Notificado para se pronunciar sobre a dita promoção, o condenado veio reconhecer que não cumpriu todas as horas de trabalho a favor da comunidade a que foi condenado mas que tal omissão se deveu ao facto de se encontrar impedido por força do seu trabalho, sendo que desde que foi condenado foi tendo vários empregos, umas vezes a trabalhar ao Sábado e outras não, o que o impossibilitava muitas vezes de comparecer nos bombeiros Voluntários aos Sábados conforme se havia comprometido, e que, tendo pedido para efetuar o trabalho a favor da comunidade aos Domingos, tal lhe foi negado pelo Sr.

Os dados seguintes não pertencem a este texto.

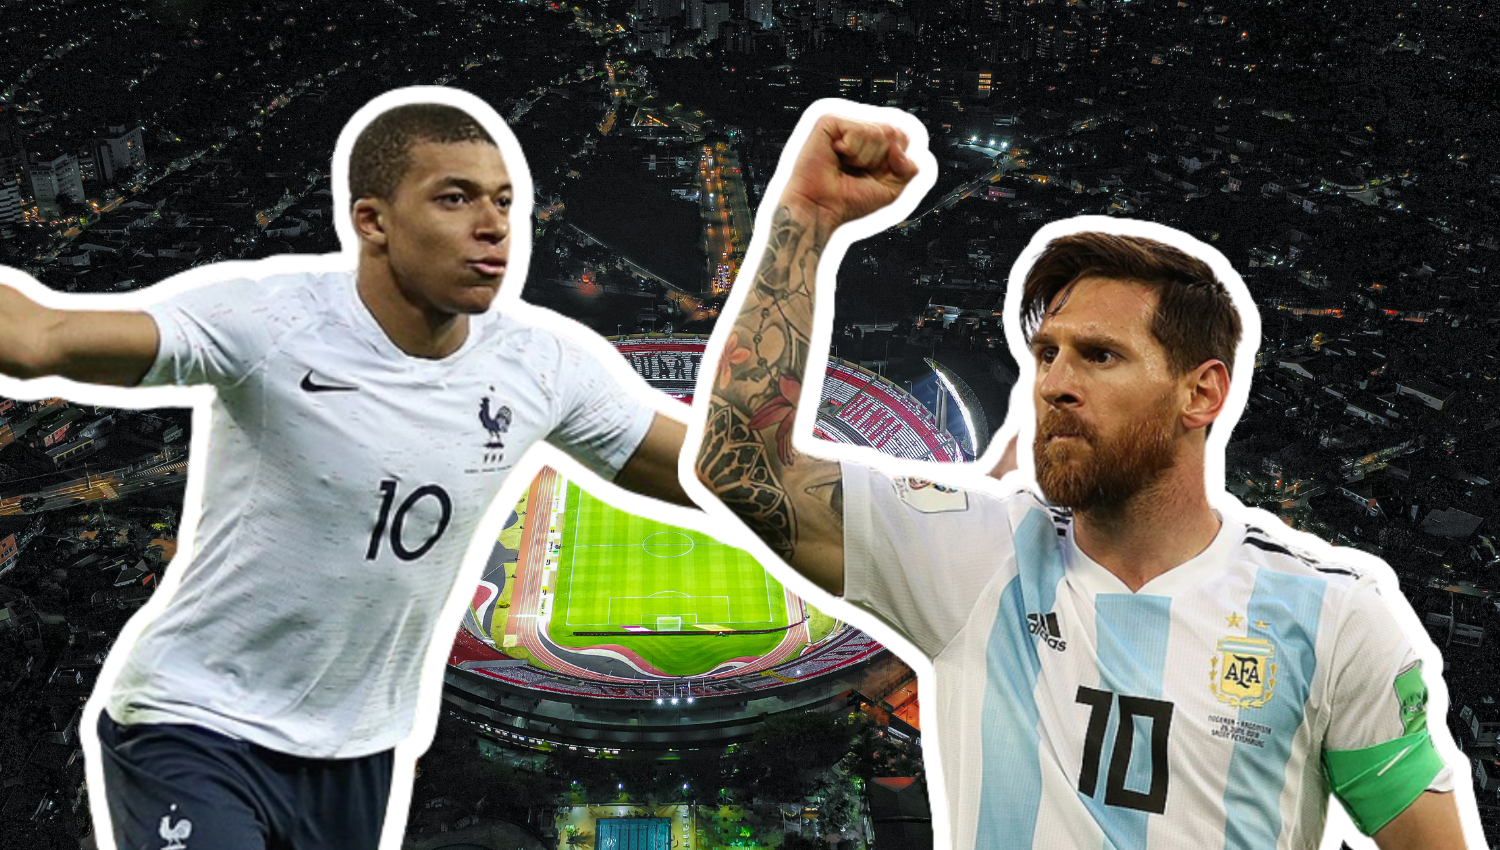 Messi vs Mbappe: A katari shejk álomfináléja, avagy a PSG projekt dicsősége

Comandante dos Bombeiros Voluntários de ..., que lhe disse que não o aceitaria ali a efetuar o trabalho a favor da comunidade, pelo que o incumprimento não lhe é imputável a si, mas sim à instituição que se recusou, sem lhe dar qualquer justificação, a aceitá-lo.
Procedeu-se à audição presencial do condenado, como consta da ata de fls. 128 e reverso.
Por decisão de 19.11.2018 foi revogada a pena de prestação de trabalho a favor da comunidade e determinar o cumprimento da pena de prisão determinada na sentença.
Foi interposto recurso pelo arguido da referida decisão, o qual foi admitido, tendo sido proferido Acórdão pelo Tribunal da Relação de Guimarães, de 12.04.2021, que julgou parcialmente procedente o recurso e, determinou “que o tribunal de 1ª instância designe data para audição do arguido/condenado na presença do técnico da DGRSP que acompanhou a pena de prestação de trabalho a favor da comunidade, após o que deverá ser tomada a decisão que se impuser em função do que aí se apurar”.
Foi designada data para a audição do condenado, na presença do técnico da DGRSP, conforme decorre da ata de 28.06.2021.
A Digna Magistrada do Ministério Público promoveu a renovação da sua promoção de 18/09/2018.
A Ilustre Defensora do arguido pronunciou-se no sentido da não revogação da pena de trabalho a favor da comunidade e em consequência a não substituição pela pena de prisão correspondente.

Cumpre decidir.

Dispõe o n.º 2 do artigo 59.º do Código Penal que “O tribunal revoga a pena de prestação de trabalho a favor da comunidade e ordena o cumprimento da pena de prisão determinada na sentença se o agente, após a condenação:

a) Se colocar intencionalmente em condições de não poder trabalhar;
b) Se recusar, sem justa causa, a prestar trabalho, ou infringir grosseiramente os deveres decorrentes da pena a que foi condenado; ou
c) Cometer crime pelo qual venha a ser condenado, e revelar que as finalidades da pena de prestação de trabalho a favor da comunidade não puderam, por meio dela, ser alcançadas.”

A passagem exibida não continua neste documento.